→ DATA SUPPLIED:

══════════

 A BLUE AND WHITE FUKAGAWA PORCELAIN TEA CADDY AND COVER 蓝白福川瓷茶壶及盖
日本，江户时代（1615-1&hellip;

══════════

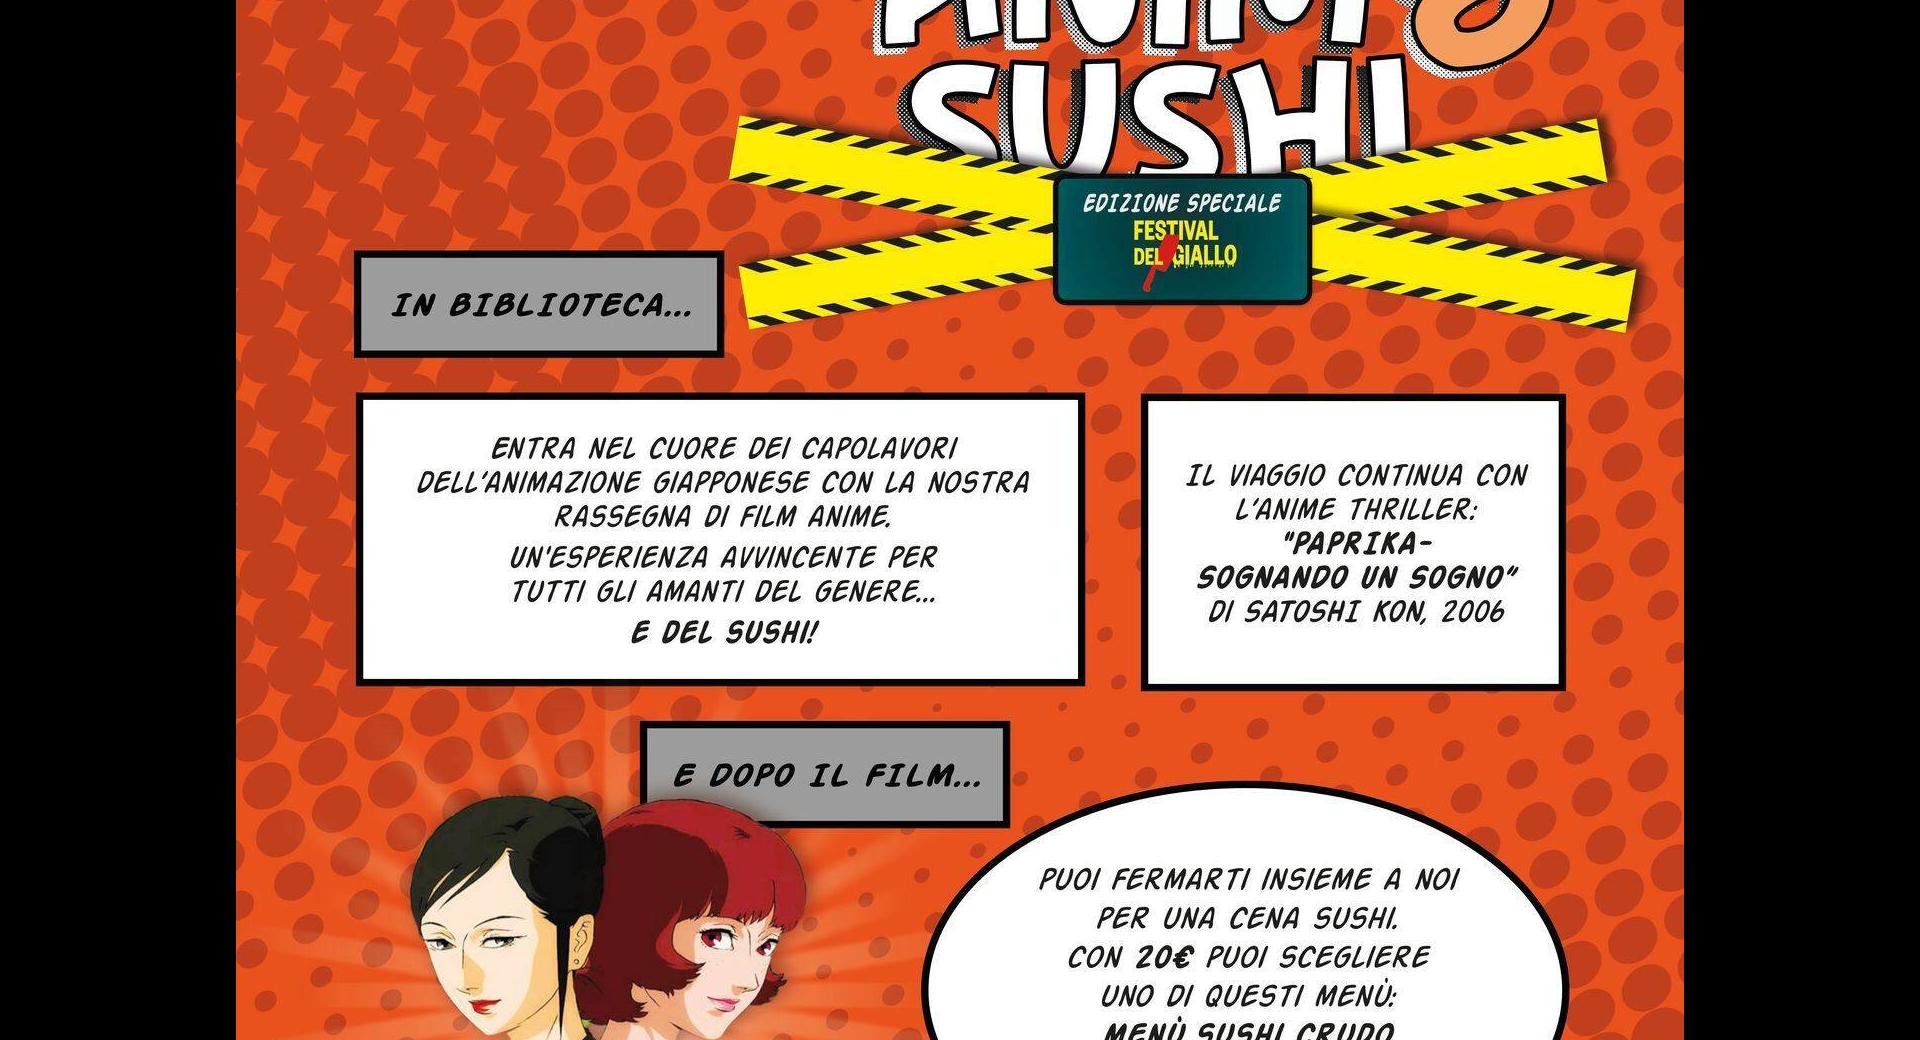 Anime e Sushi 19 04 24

══════════

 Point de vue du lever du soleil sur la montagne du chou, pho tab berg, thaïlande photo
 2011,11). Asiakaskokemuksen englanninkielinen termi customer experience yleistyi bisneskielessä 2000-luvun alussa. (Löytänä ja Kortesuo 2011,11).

══════════

→ PROBLEM STATEMENT: Among the entries above, copy exactly only the lines starting with the one containing "A BLUE AND WHITE" and going through the one containing "日本，江户时代（1615-1&hellip;", both ends included.

→ TASK OUTPUT:
 A BLUE AND WHITE FUKAGAWA PORCELAIN TEA CADDY AND COVER 蓝白福川瓷茶壶及盖
日本，江户时代（1615-1&hellip;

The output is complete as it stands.